WHAT YOU NEED TO DO:
All of the data that follows is to be printed exactly, without pictures.

DATA SECTION:
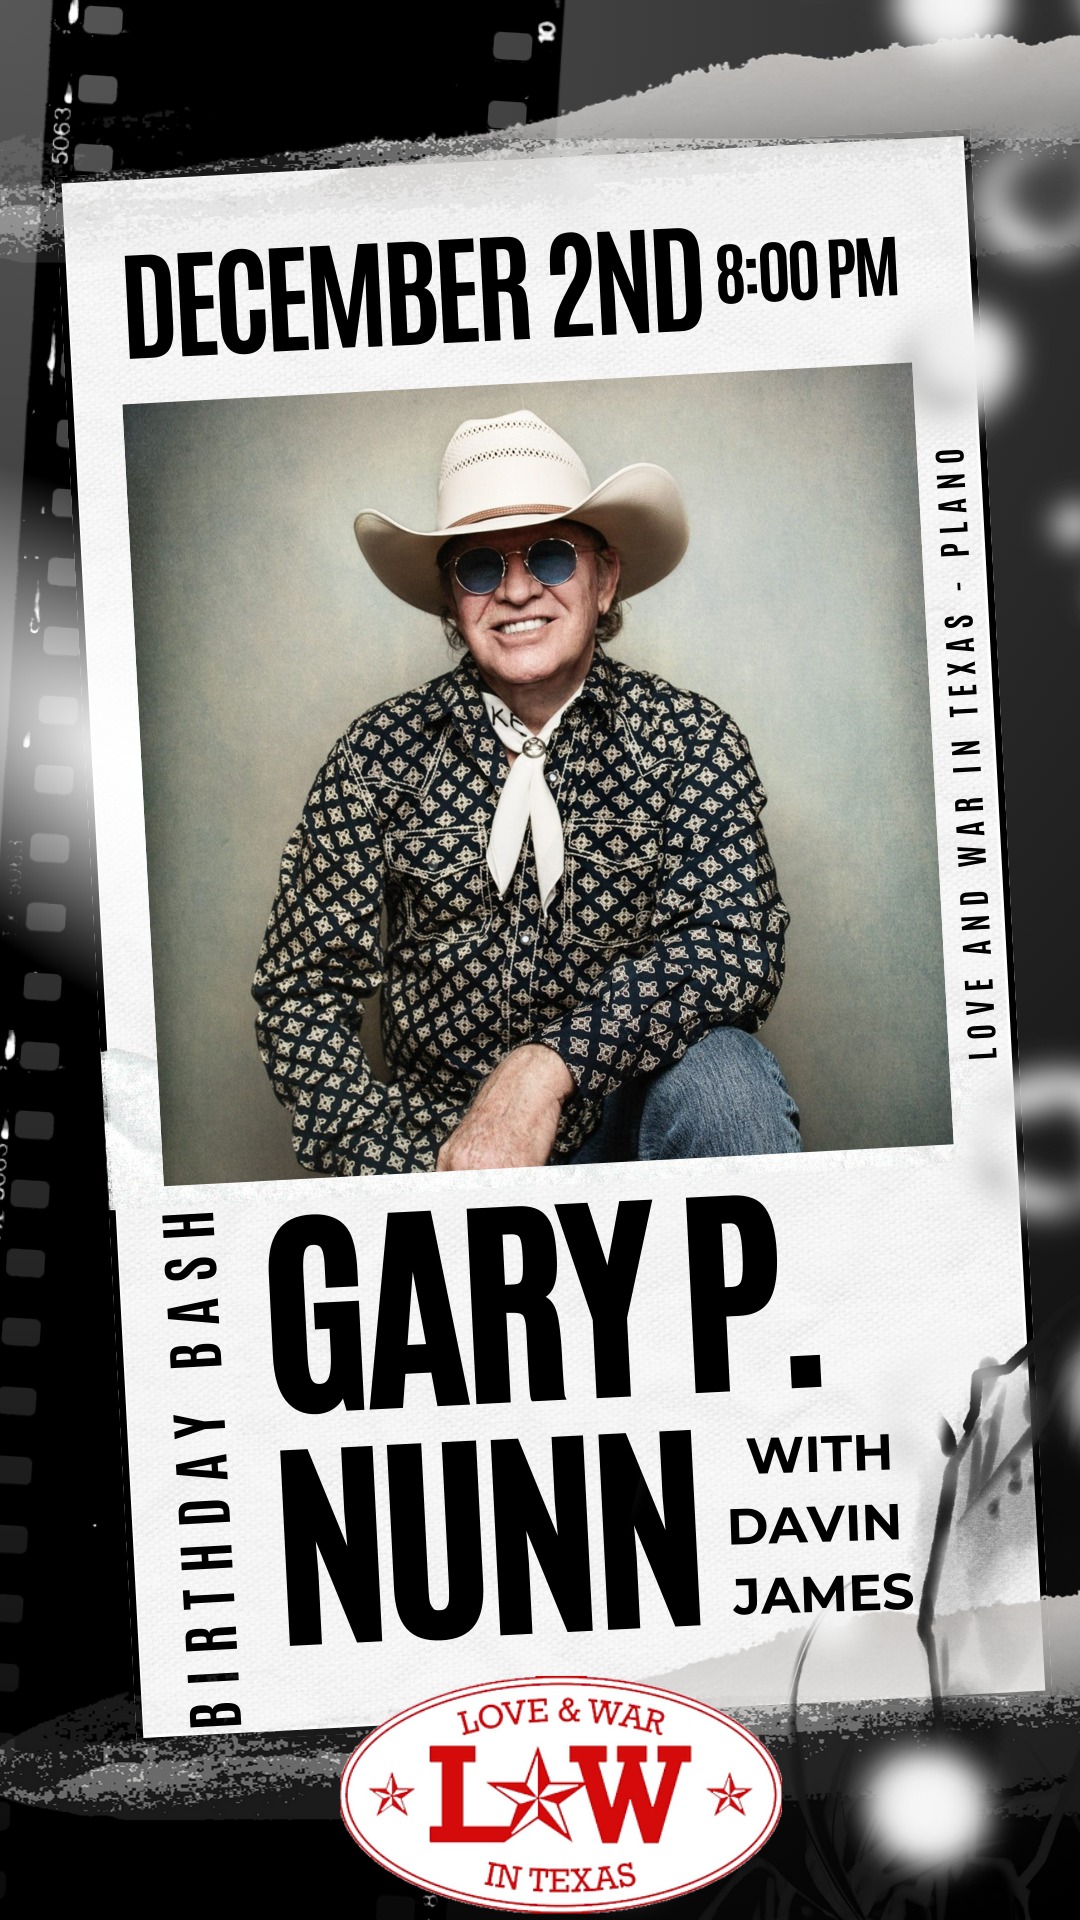 Gary P. Nunn B-DAY BASH at Texas Love & War Plano
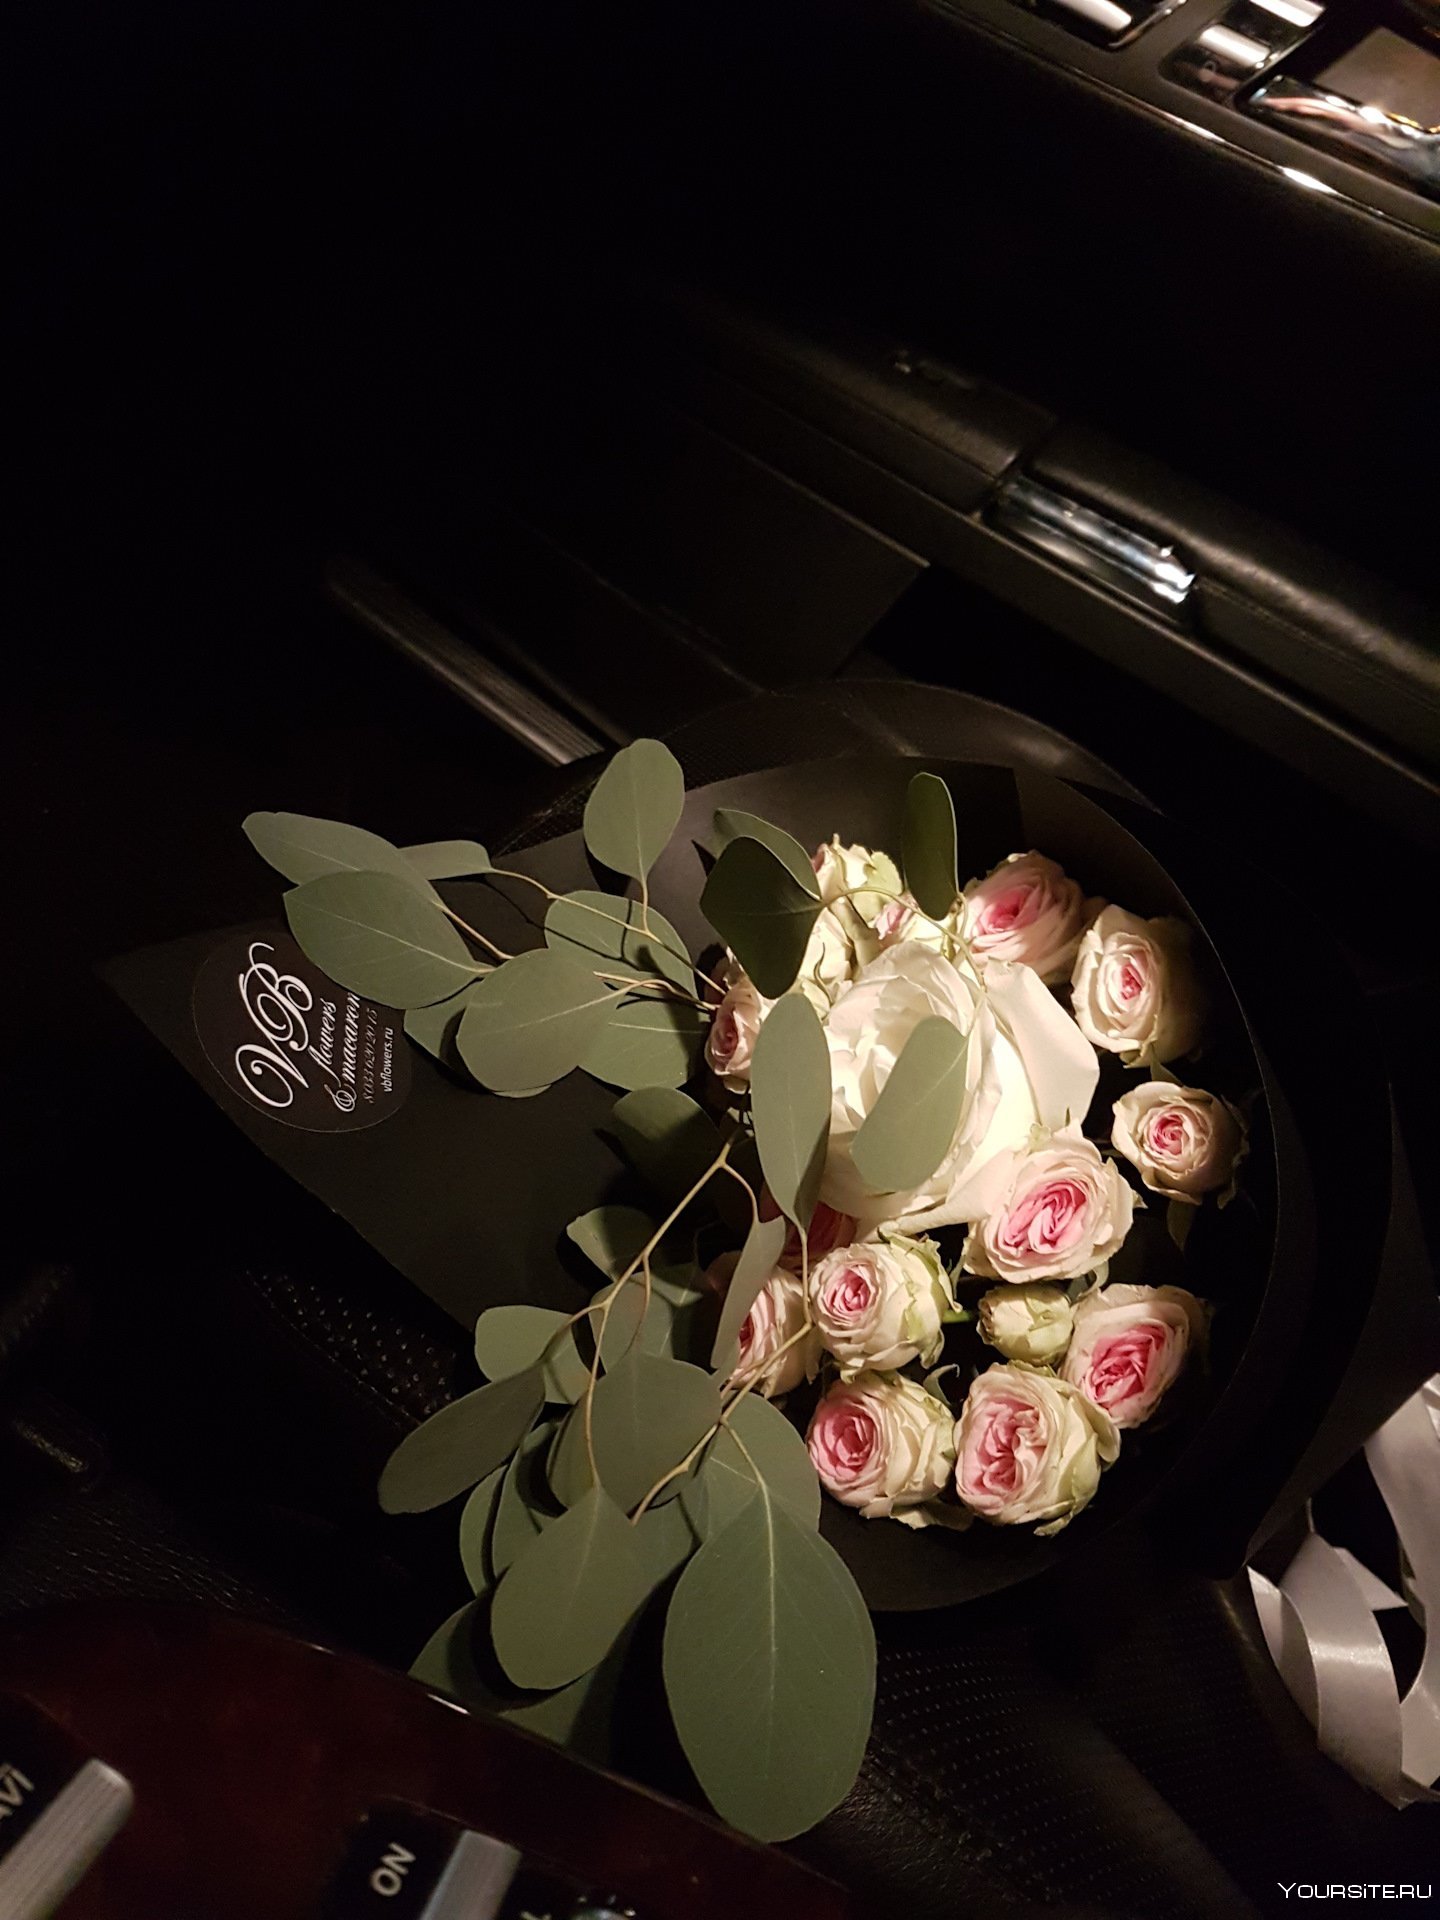 Цветы в машине фото реальные в темноте
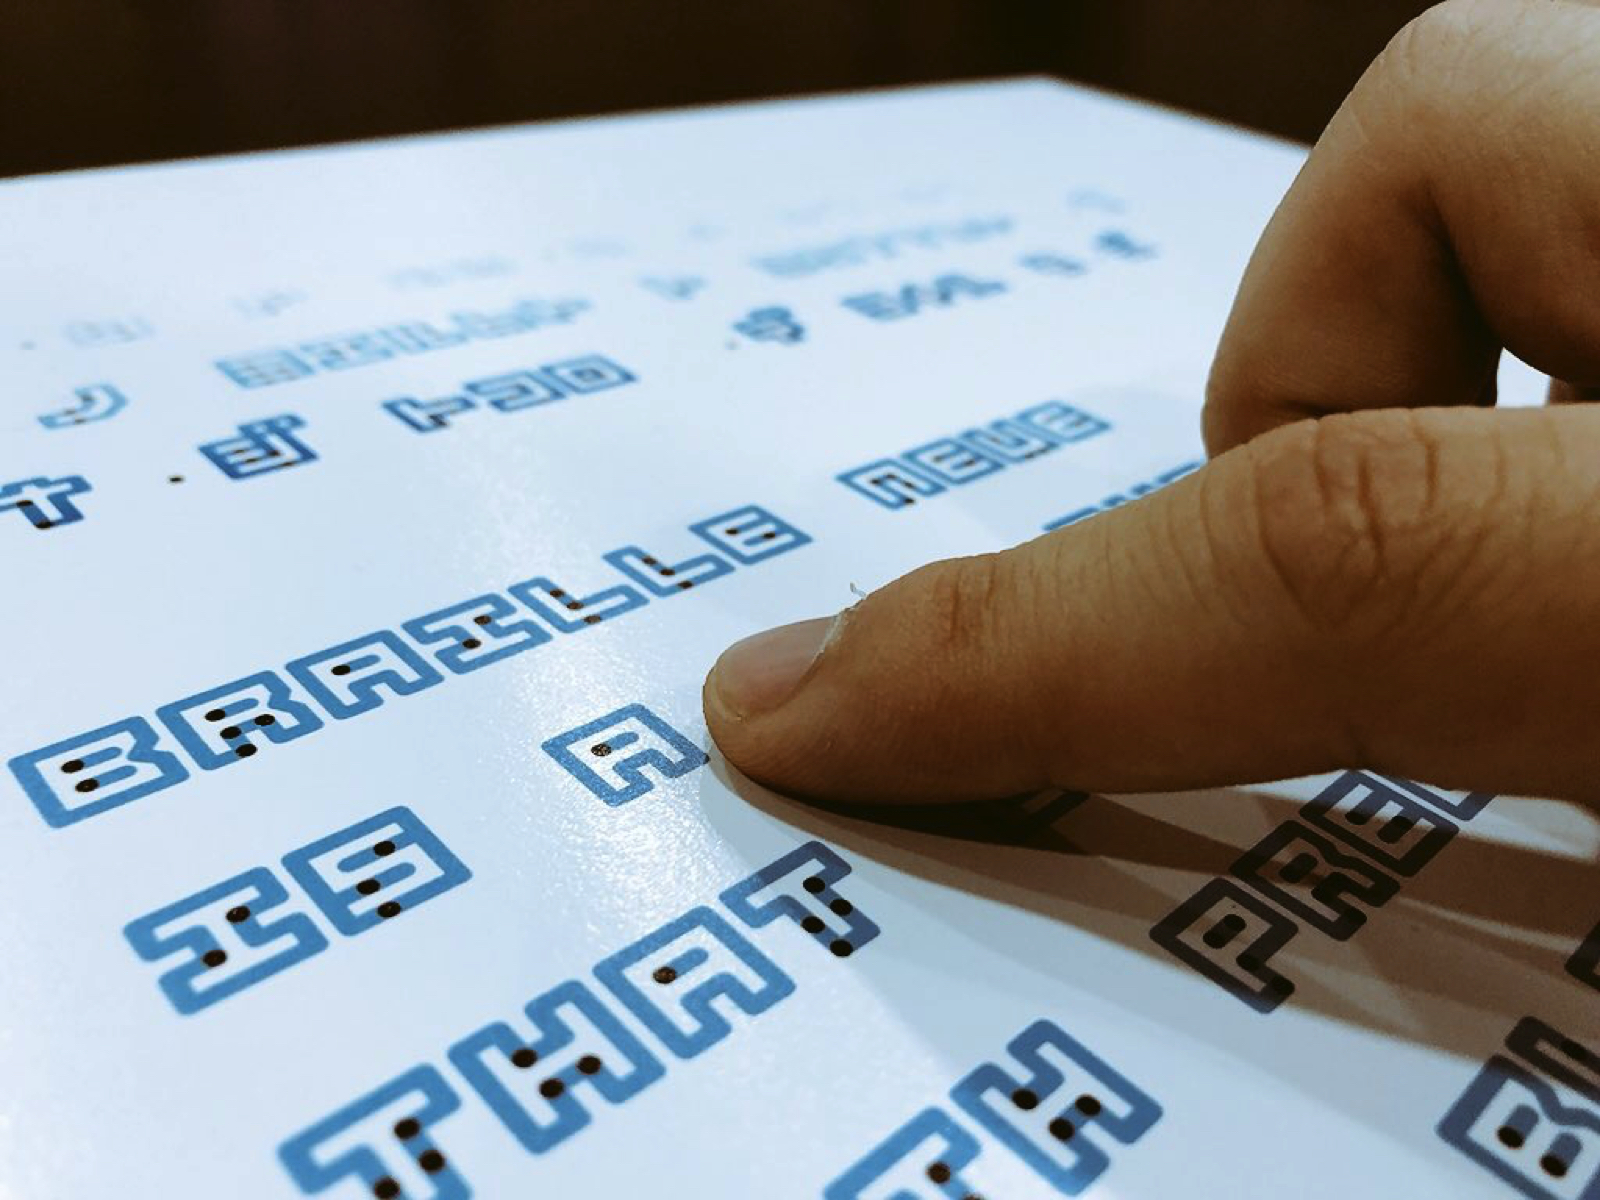 Ce designer a créé une police qui combine braille et écriture traditionnelle

SOLVED EXERCISE:
 Gary P. Nunn B-DAY BASH at Texas Love & War Plano
 Цветы в машине фото реальные в темноте
 Ce designer a créé une police qui combine braille et écriture traditionnelle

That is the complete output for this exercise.